Wednesday, March 3, 2010

Wednesday, March 3, 2010 (DT 26085)

This puzzle was originally published Friday, November 13, 2009 in The Daily Telegraph

Introduction

Although there are two errors in today's puzzle, not only is their existence fairly evident, but they really didn't seriously impede my progress in solving the puzzle.

I quite enjoyed today's puzzle - feeling like I was clearly on the same wavelength with the setter. I also seem to have found it a bit easier than some of the Brits seem to have rated it - or maybe time just passed quickly because I was enjoying it. I think this is the type of puzzle that one either loves or hates. Those who get the correct solution to the clues will think it is brilliant and those who are unable to solve the clues will think it is atrocious. Count me in the former camp today.

Today's Errors

Two errors in one puzzle - and both, it would almost certainly seem, quite obviously introduced by the editors of the National Post. The puzzle did appear in the UK on Friday the 13th - so perhaps it has carried with it an aura of bad luck.

8a Romanticize about antievolutionary theory of the universe (11)

During its journey across the Atlantic, this clue appears to have opted for a more American look - with disastrous results. The clue, as it originally appeared in the UK, should be:

8a Romanticise about antievolutionary theory of the universe (11)

26d Achievement

The numeration missing from the end should be a dead give-away that this clue has been truncated - although, I admit, my first thought was that it must be some sort of clever one-word & lit. clue. The clue in full is:

26d Achievement of female before lunch? (4)

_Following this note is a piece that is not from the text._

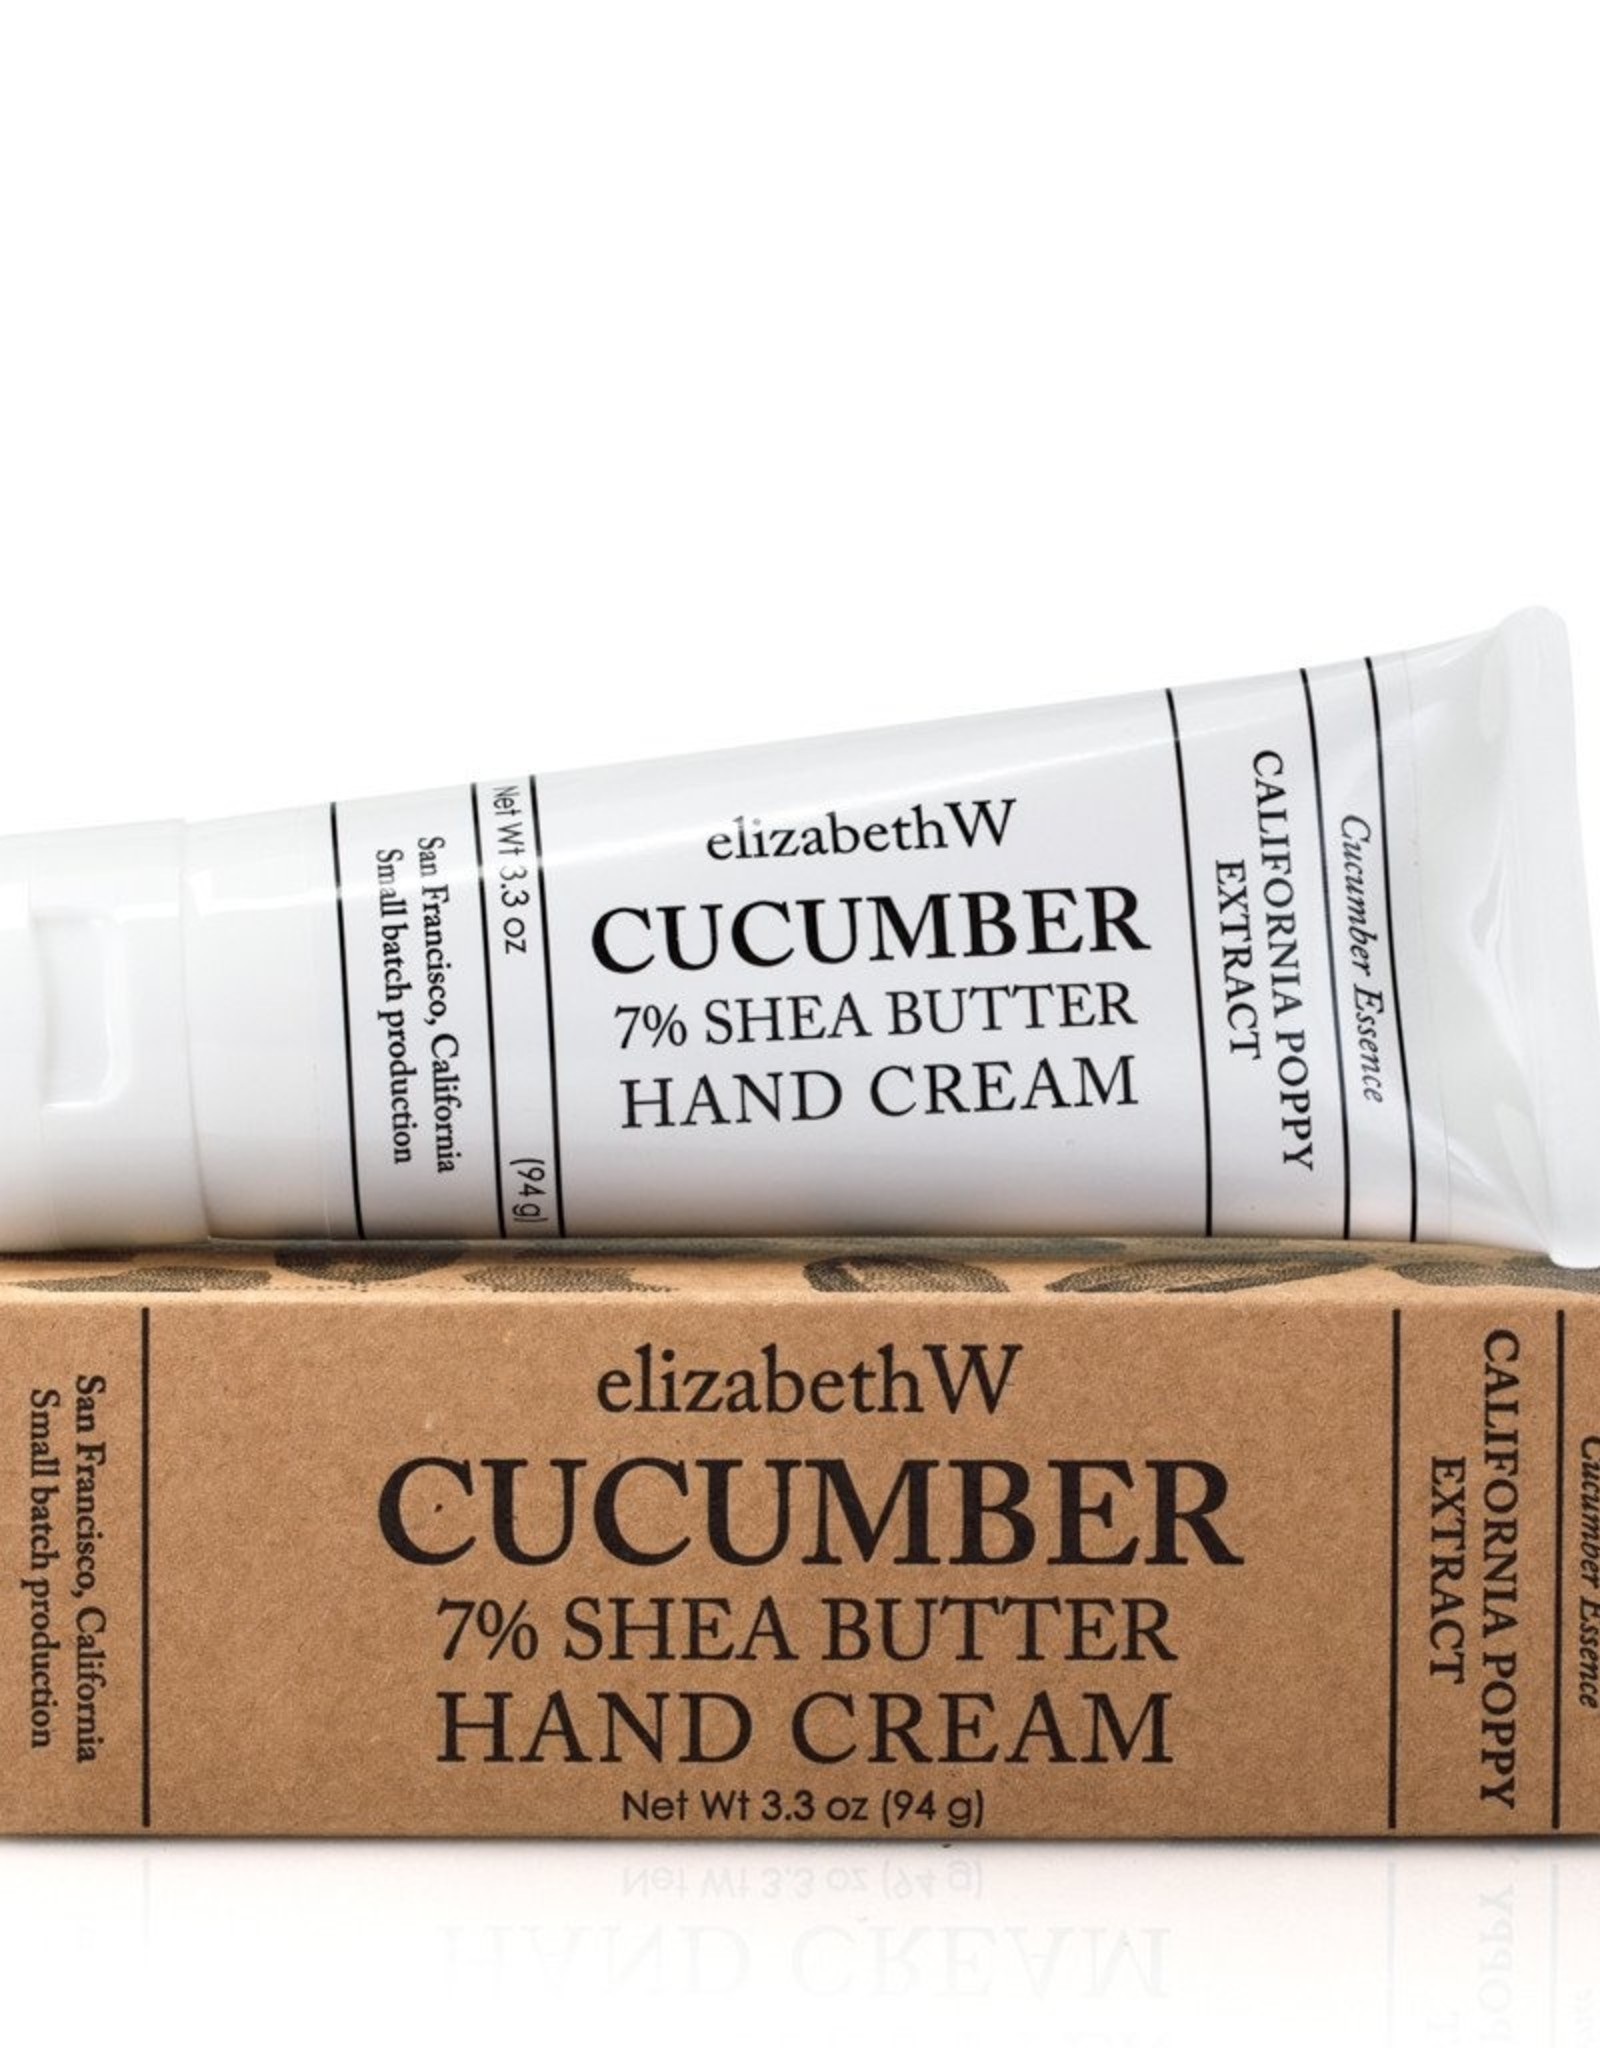 Elizabeth W Cucumber Hand Cream

This error reminds me of a report that I once read concerning frequent instances of truncated articles in newspapers. The item concluded along the lines of "In response to reader criticism, one editor stated that his paper was addressing this problem by taking steps to".

Today's Glossary

Some possibly unfamiliar abbreviations, people, places, words and expressions used in today's puzzle

maiden (abbreviation M) - noun 3 (also maiden over) Cricket an over in which no runs are scored.

masher - Etymology 2 noun 2. a fashionable man, a dandy, a fop

slag - verb 2 (often slag off) Brit. informal criticize abusively

smasher - noun 2 Brit. informal a very attractive or impressive person or thing

Territorial Army (abbreviation TA) - noun in the UK: a fully trained volunteer force intended to provide back-up to the regular army in cases of emergency.

tosh - noun Brit. informal rubbish; nonsense

Today's Links

Gazza's review of today's puzzle may be found at Big Dave's Telegraph Crossword Blog [DT 26085].

In case you are wondering, the yawning man illustrating clue 19a in Gazza's review is (I believe) Boris Johnson, mayor of London, England.

Commentary on Today's Puzzle

23a Take out love maiden with oomph (4)

I (as did at least one visitor to Big Dave's site) would take issue with OMIT meaning "take out". I am quite sure it means "leave out".

27a Stylish fellow given payment, a paltry amount (11)

A visitor to Big Dave's site points out that "paltry" sounds like poultry (perhaps more or less so, depending on the accent of the speaker) which adds a further dimension to this clue.

Signing off for today - Falcon

1 comment:

  1. Yes, it's Boris - almost certainly snapped yawning at the wrong moment. And 23 does push things a bit far with "omit" for the sake of the surface.